Where are your Children? By Mike Ikem Umealo

This ominous question, soberly intoned may just about sound scary, but the intent of the question is very serious.
The time has come for Nigeria to hear the truth about this issue which I will term as “proceeds of corruption”. The truth may be had to come by because most people are deceived about themselves as they try to rationalise their approach to public responsibility. The proceeds of crime cannot be limited to material wealth, but also the privileges that such proceeds create must be included in any assessment of the cause and effects. Otherwise, we will continue to suffer from the psychological cataracts that blinds us to the Realities of the ripple effects of corruption.
The point is that for the life of this nation, we have collectively been caught up in a delusion: millions of people have been denied their rightful benefits as citizens because of the actions of just a few. And the brutal charade for government officials is that they have to perpetuate the illusion that they are serving the people and that they are pursuing a course of action that will be effective, even when they lack the discipline and principle required for such effectiveness to take hold. In short, I am convinced that somehow, these officials think that government business will take care of itself regardless of what they do. Of course, they know neither the truth of life nor its fallacy. Any public official who is misusing public funds must understand that they would have involved themselves in a colossal muddle that must somehow take its pound of flesh; the working of which we may not understand; and this is the dimension I want to take us today in relation to the question: “where are your children?”

Now, there is a reason why I want to write something about the children of our leaders, past and present. I suppose it should not be surprising that I see a facile connection between the office our leaders occupy and the influence their very public role may have on their children. At first, it may seem that there should be real promise of hope, abundance and wealth for the children of the ruling elite, but often than not, this has not been the case. There is always a price to pay for everything we do, and if theft of public fund is considered a toxic asset, then, it should be acceptable that toxic asset may never yield good fruits. Such toxic wealth can be very toxic indeed.
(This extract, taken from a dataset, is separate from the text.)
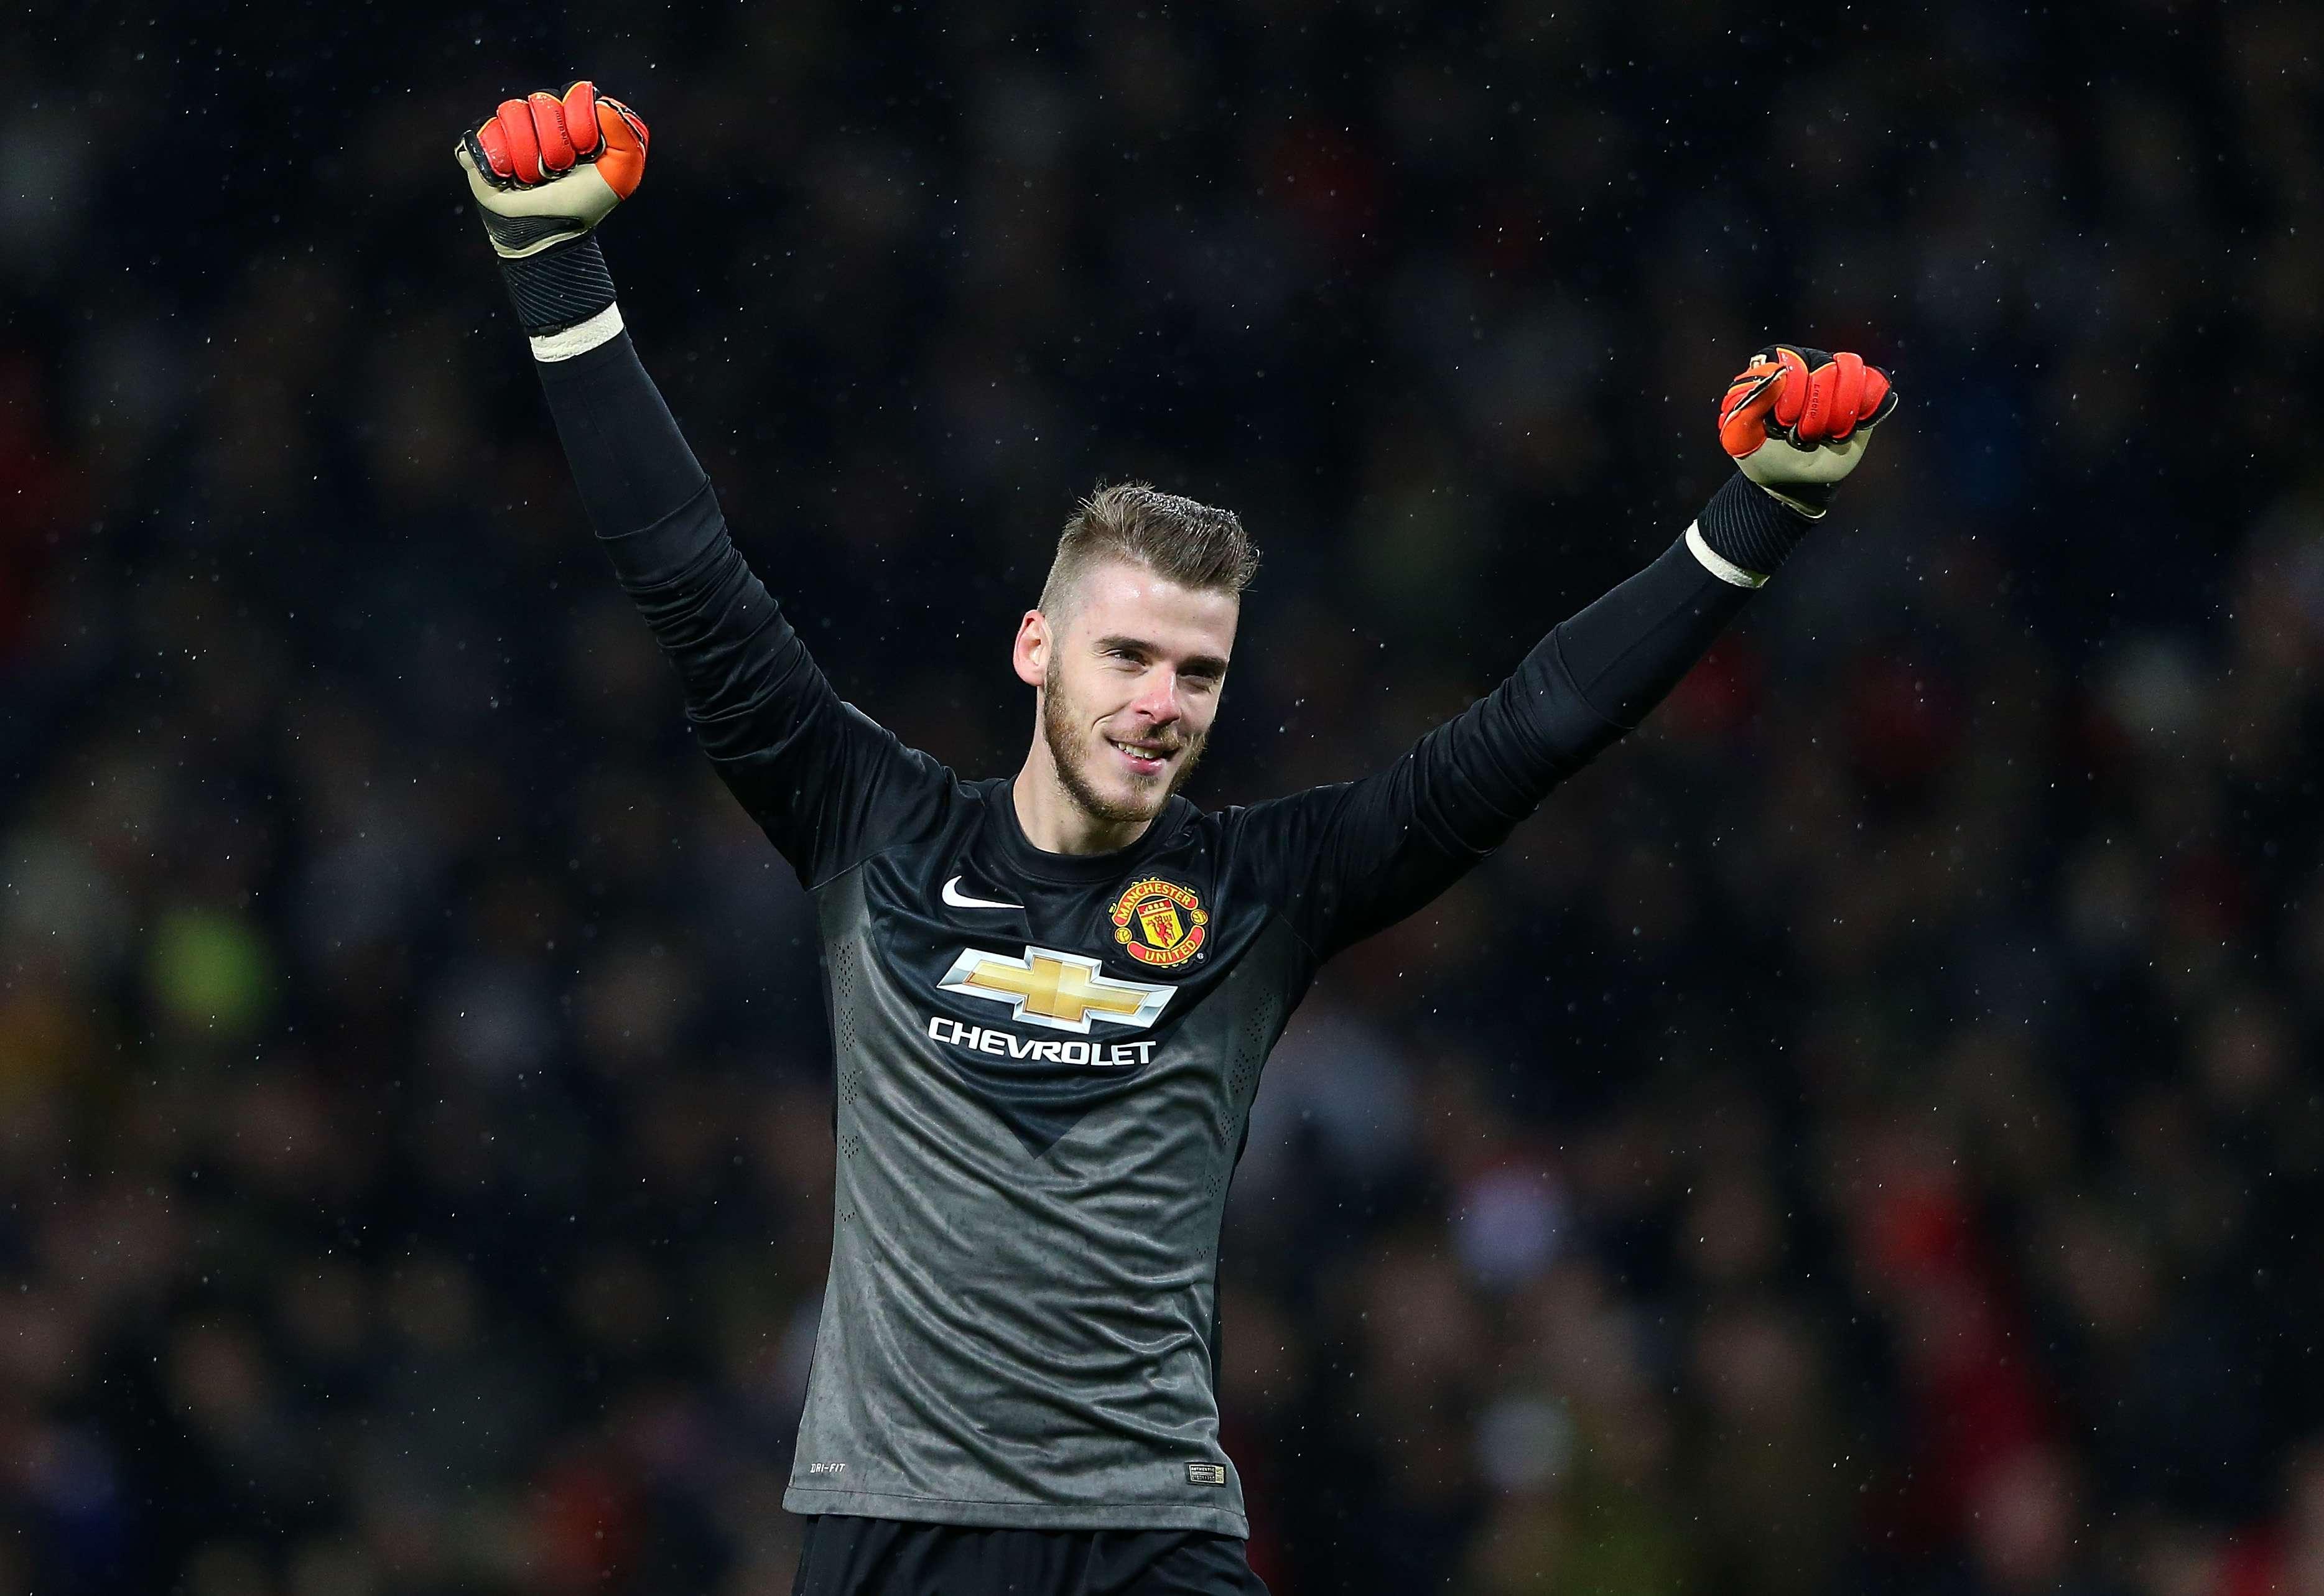 De Gea, portero del Manchester United pero pretendido por el Real Madrid. Foto: Getty Images

When a public officer spends public money meant for public education or public health to send their own children to school, it is not an accident that such wealth turns out to be like some demonic, destructive soak-away pipe; and sadly, they may fail to connect it when their own children become victims of road accidents or die as a result of lack of urgency that could have prevented a fatal health condition, had their parents provided such services.

Most of our leaders often have a certain cache about them, so much so that there are typically people who do what they can to be part of their lives. Political office can attract people who enjoy basking in the reflected glory of a political figure. And while many people choose the company of people in power, children of politicians and those in power, (government officials) have no choice in the matter. While I am not aware of any comprehensive study on the experiences of “politicians children,” it is clear that their family connections bring both opportunities and challenges; and it is to those challenges that I wish to focus.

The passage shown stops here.